> [PROBLEM DESCRIPTION] The expected answer is the full listing, repeated exactly and free of images.
** DATA SHOWN follows **
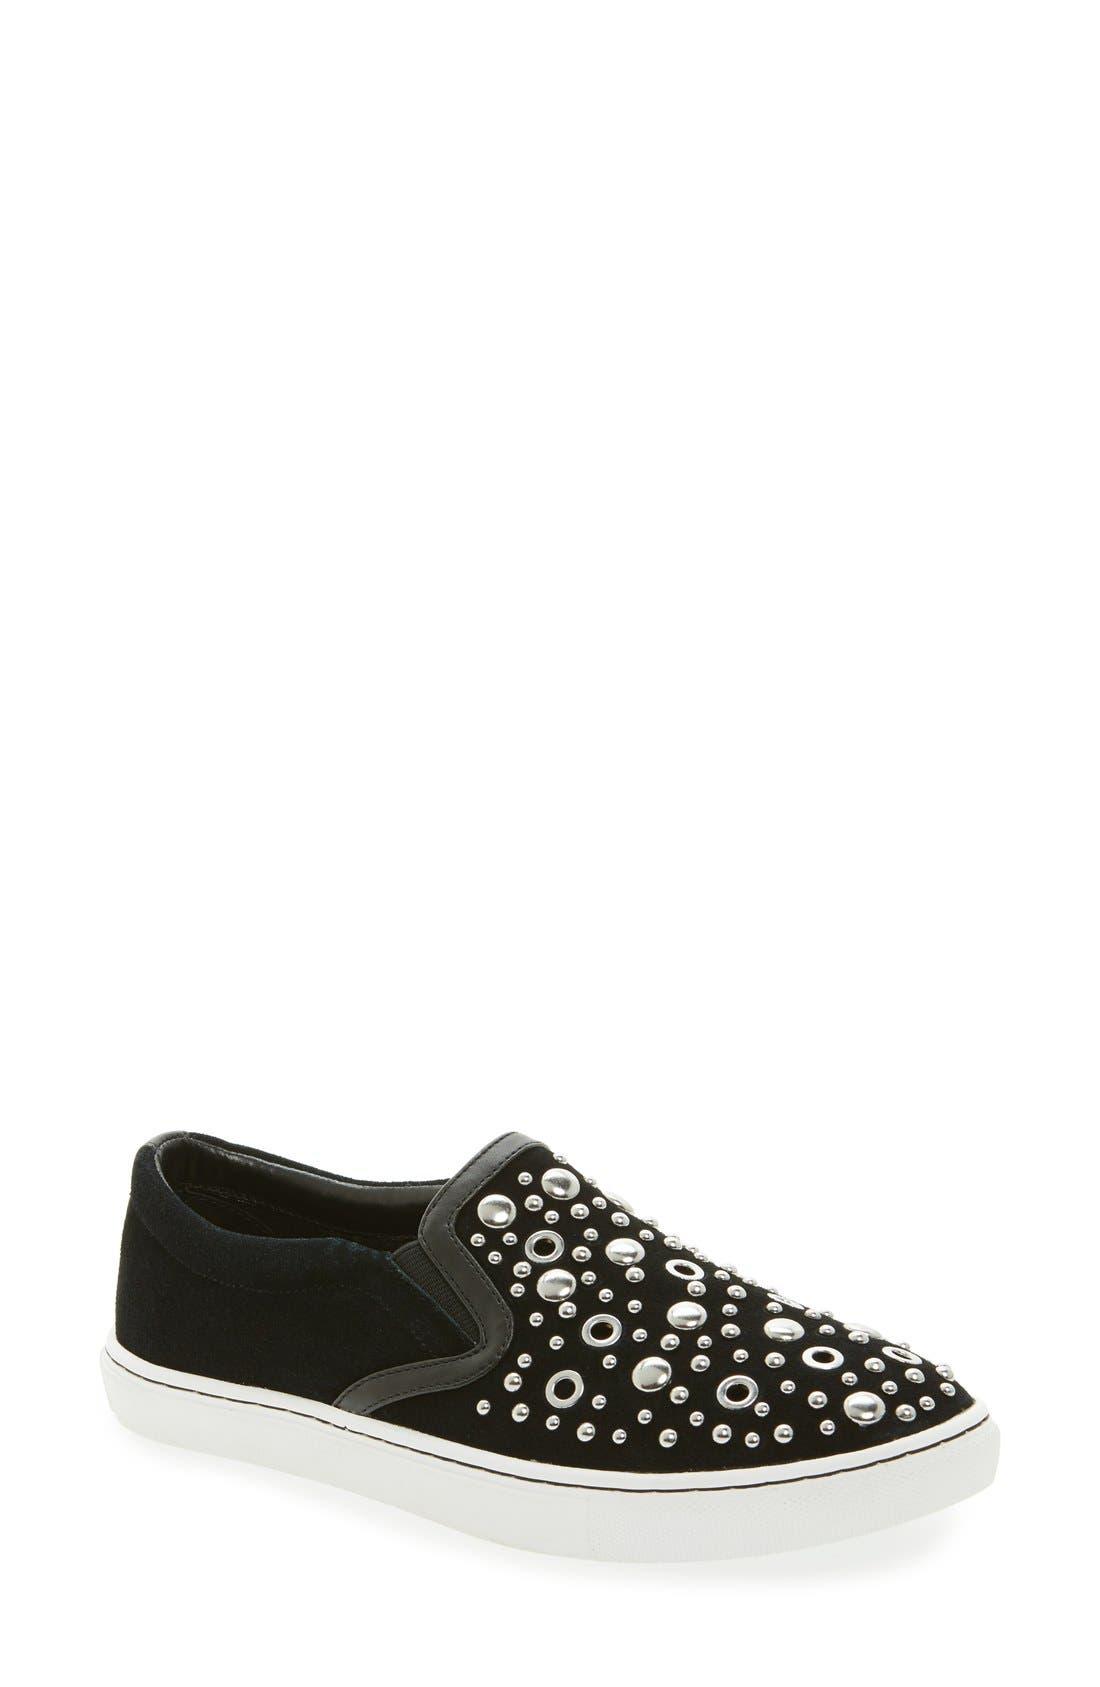 Paven Embellished Slip-On Sneaker,                             Main thumbnail 1, color,                             Black
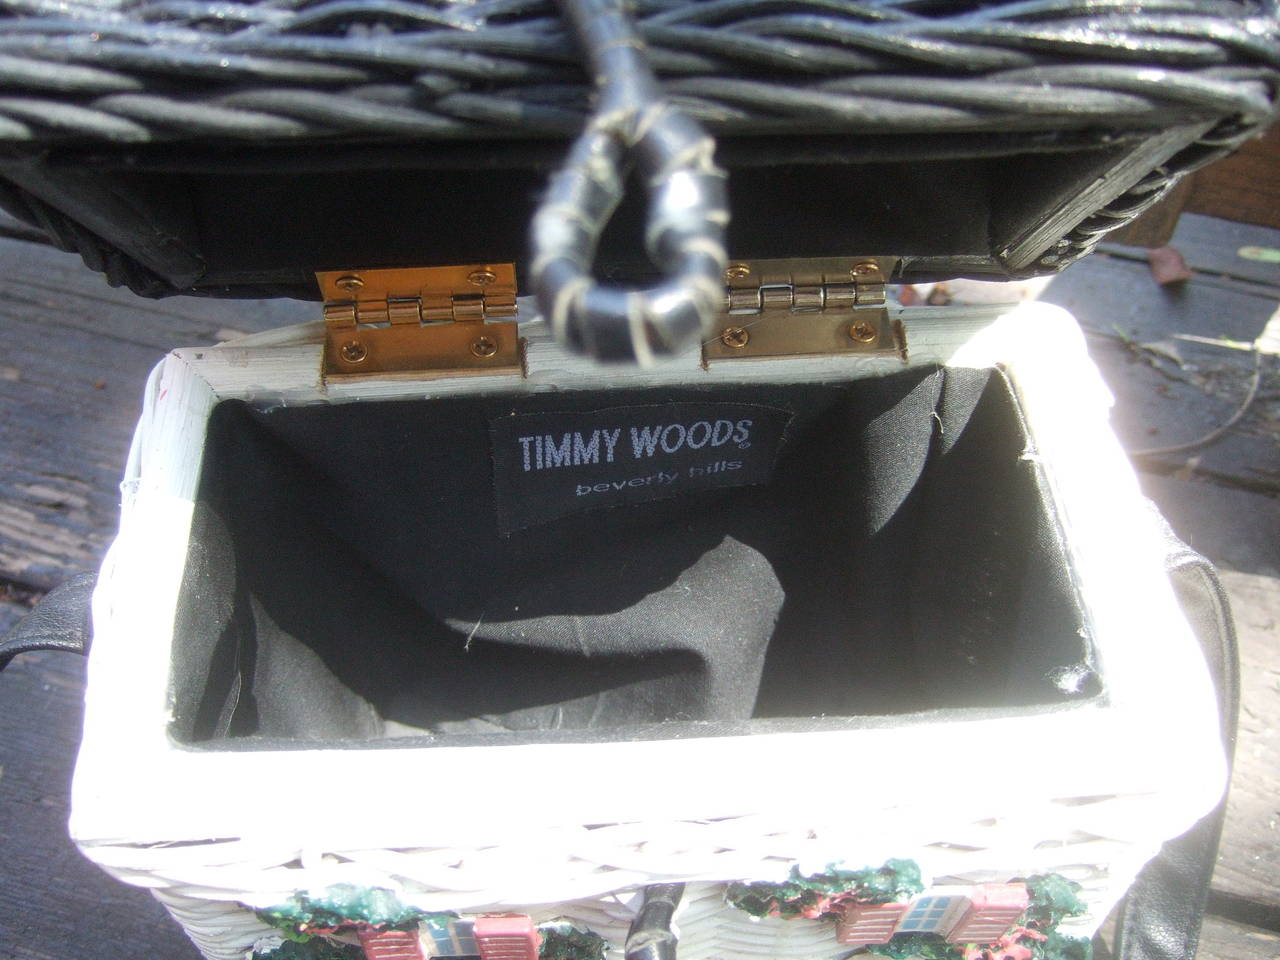 Timmy Woods Beverly Hills Whimsical Wicker House Handbag 10
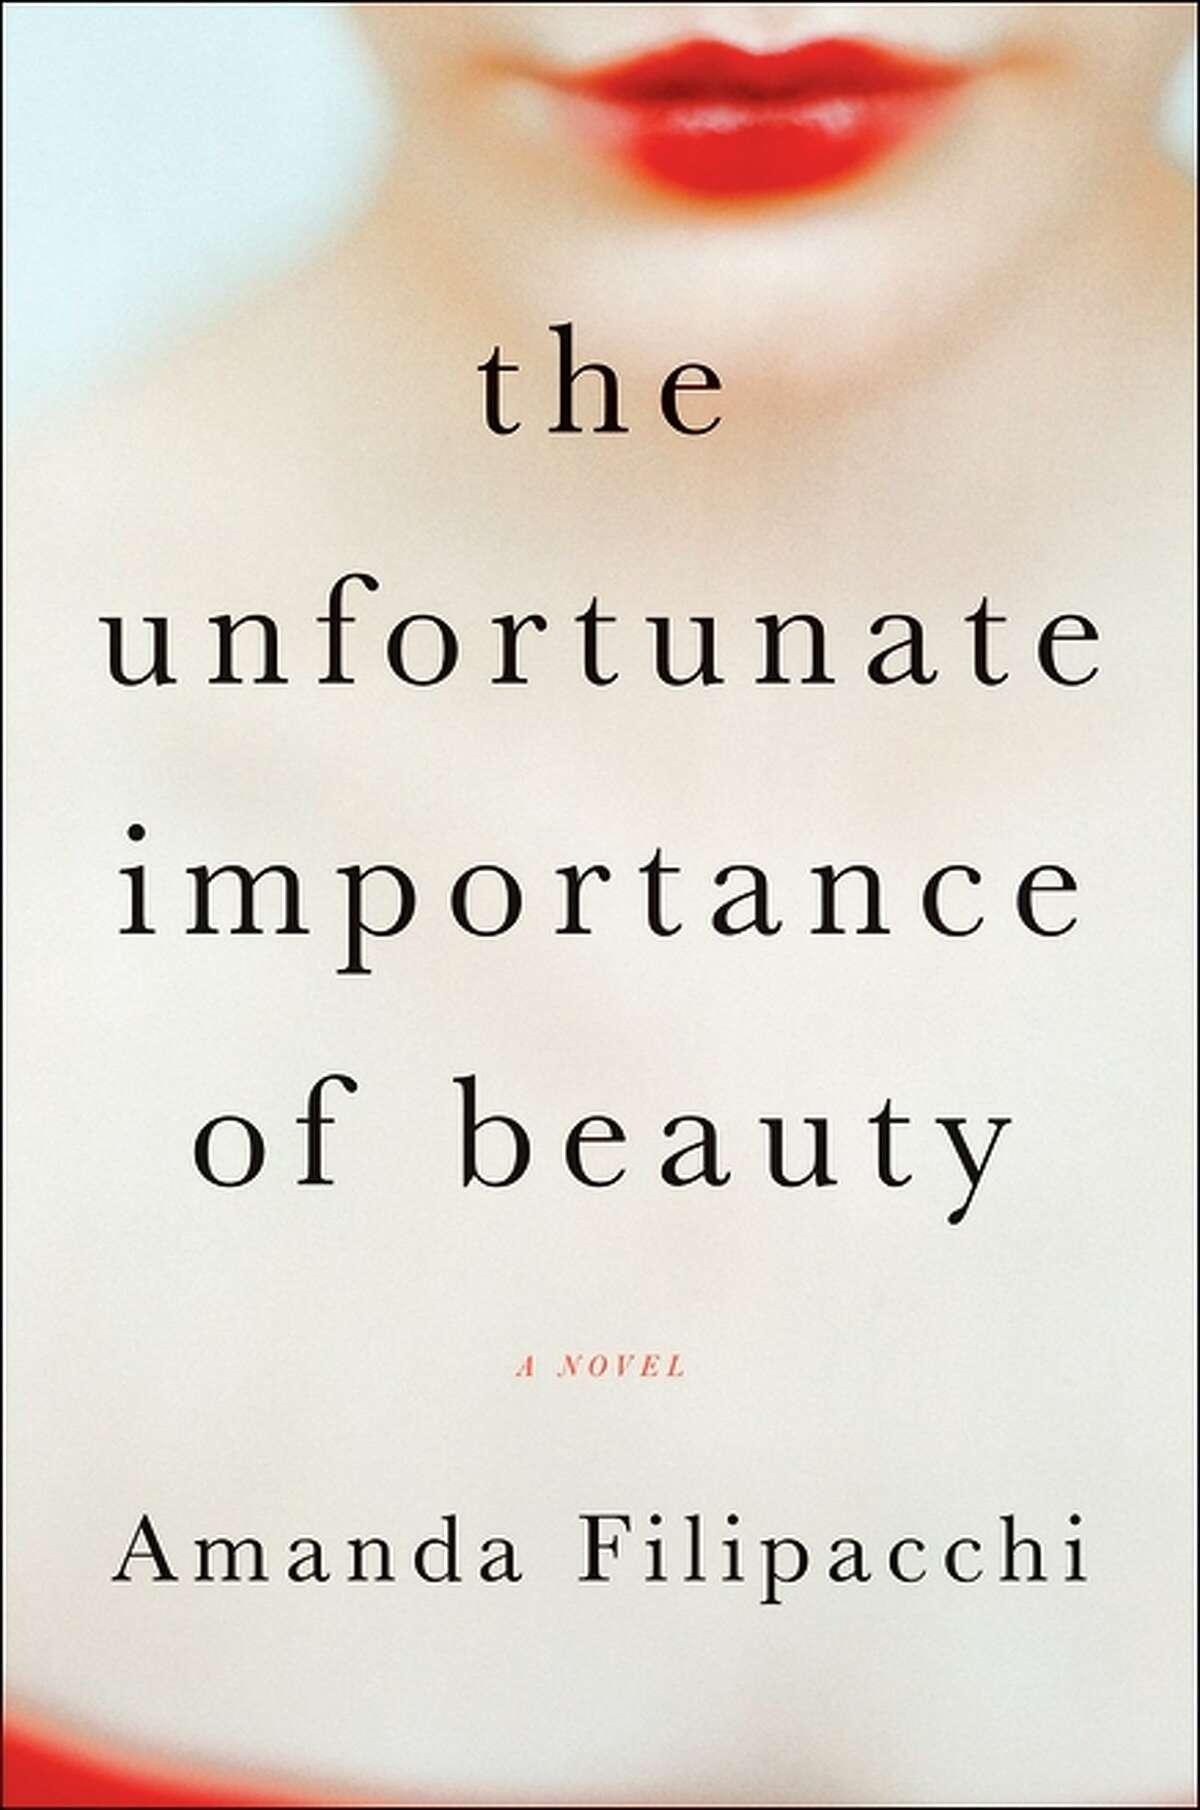 """The Unfortunate Importance of Beauty,"" by Amanda Filipacchi"
** End of DATA SHOWN **
> [FINISHED TASK]
 Paven Embellished Slip-On Sneaker,                             Main thumbnail 1, color,                             Black
 Timmy Woods Beverly Hills Whimsical Wicker House Handbag 10
 """The Unfortunate Importance of Beauty,"" by Amanda Filipacchi"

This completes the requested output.